Anschließend wird softwaregesteuert berechnet, wie – bei Bedarf mit mehreren Beamern aus unterschiedlichen Positionen – eine passgenaue, nahezu verzerrungsfreie und allseitig denkungsgleiche Projektion von Bildern und Animationen auf die komplexe Oberfläche realisiert werden kann.
So projizierten wir auf das gefräste Modell des Konstantinkopfes hochauflösende, tiefenscharfe und exakt maskierte Inhalte. Über ein Interaktionsterminal lassen sich Inhalte wie Schadensbilder oder rekonstruierte Farbgebungen abrufen.
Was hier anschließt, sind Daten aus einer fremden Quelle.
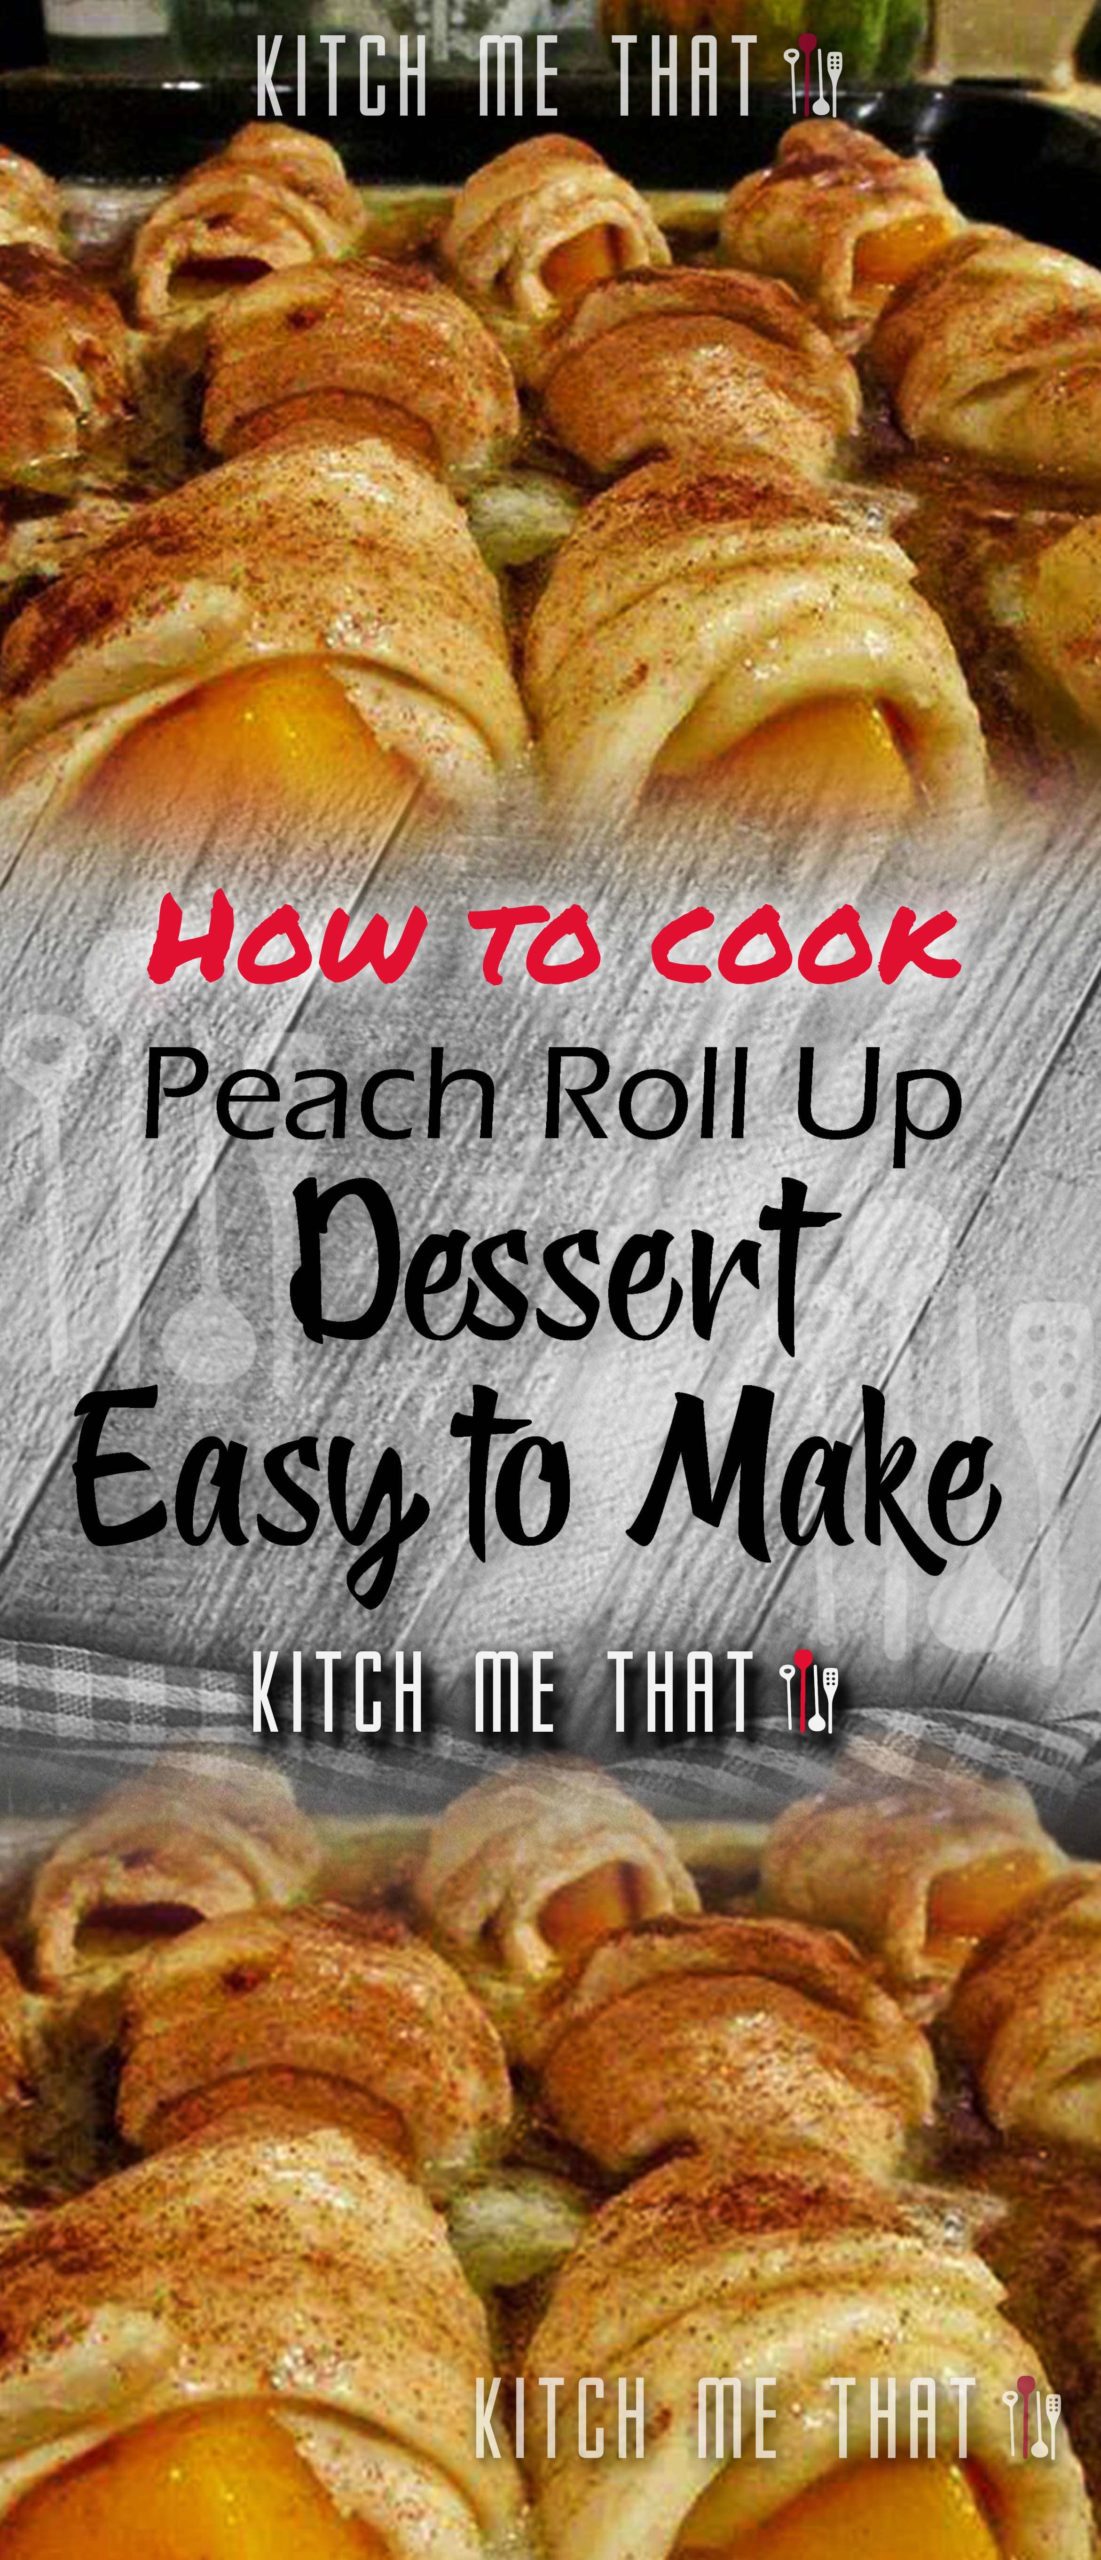 Peach Roll Up Dessert

Zusätzlich reagierte das Objekt interaktiv auf Besucherbewegungen: Betritt man einen bestimmten Raumbereich, bewegten sich die Augen des Konstantin – ein bewusst spielerischer Effekt mit hoher Besucherresonanz.
Gerade für archäologische Denkmäler (z. B. antike Plastiken, Giebelfiguren oder Grabdenkmäler), deren ursprüngliche Farbigkeit verloren ist, eignen sich 3D-Projektionen ideal zur anschaulichen Farbrekonstruktion.
Beim hier gezeigten Beispiel des Burgbergs von Bernstorf wurde ein von uns erstellter Airborne-Laserscan in ein hochpräzises, maßstäbliches und leicht überhöhtes 3D-Geländemodell der bronzezeitlichen Höhensiedlung umgesetzt.
Über einen interaktiven Touchscreen-Monitor lassen sich verschiedenste Informations- und Kartenebenen auswählen, darunter Bodengütekarten, historische Karten, Grabungsflächen, Mauerverläufe, Fundstellen und geophysikalische Untersuchungen.
Parallel werden auf dem Monitor vertiefende Inhalte, Visualisierungen und Rekonstruktionen angezeigt, die das ehemalige bronzezeitliche Erscheinungsbild der Siedlung anschaulich vermitteln.